Homespun color-managed workflows can save production time and consumables costs. The trick is finding the right set of technologies and practices that work best to meet the needs of your production schedule—and your clients.


Controlling the intricacies of color management and ICC profiling in any print production workflow is the equivalent of trying to control the weather and the tides—then reach a standard agreement on the color hues and tonal properties of both. Each printing operation has its own approach to managing color—its own method of predicting the tides, calculating varying weather patterns and pinpointing the color gamuts of each.

Color management is science and experience; emerging technology and prediction. No one commercial printing organization will have the exact color benchmark, same approach to ICC profiling, opinion of Hexachrome, calibration routine, not to mention the technologies that make all of the above possible and the same levels of in-house color expertise.
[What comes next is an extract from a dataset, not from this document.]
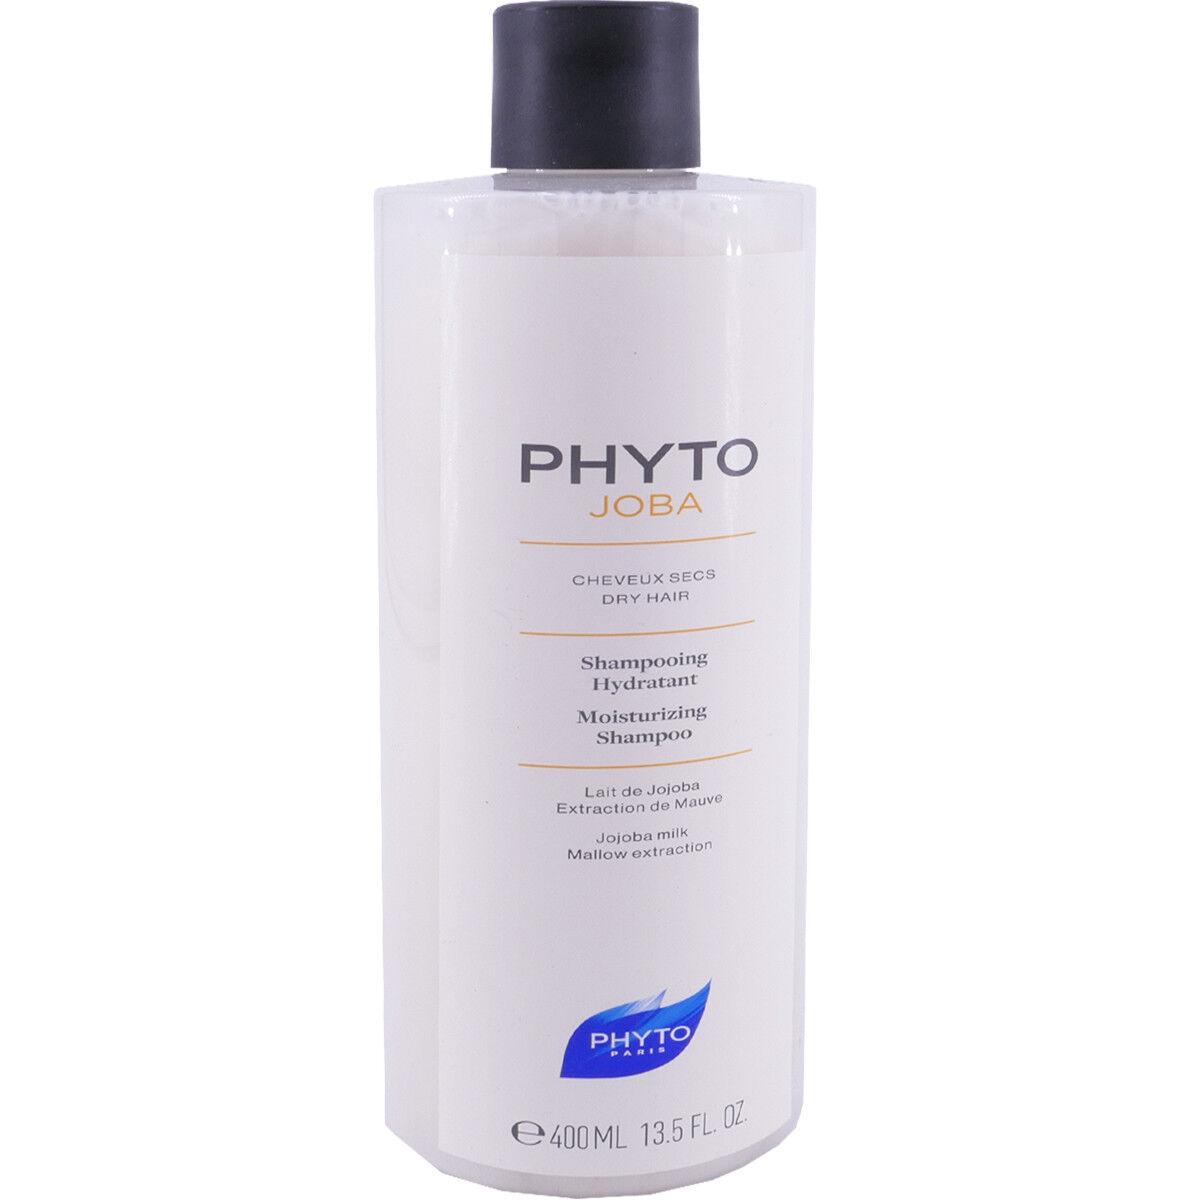 PHYTOSOLBA Phyto joba shampooing 400 ml cheveux secs

Color management is like a fingerprint for any commercial printing operation—from one printer to the next, no two will have the exact same color-managed workflow, with the same approach to managing and communicating accurate color from device to device. “Perhaps it is understandable that so many live with inconsistent color output devices—getting a handle on consistency for every color output device in a given workflow is a seemingly daunting task,” suggests Bruce L. Myers, corporate accounts manager at X-Rite. Myers also teaches color reproduction at New York University’s Center for Graphic Communications Management and Technology.

“It is said that color consistency is no easy feat, due to the wide array of devices utilized. Color output devices on the desktop can take the form of monitors, small thermal-wax, ink-jet and dye-sublimation printers,” Myers states. “Large-format printers are utilized as one-off and short-run printing output devices, and in some cases as proofers for other devices.”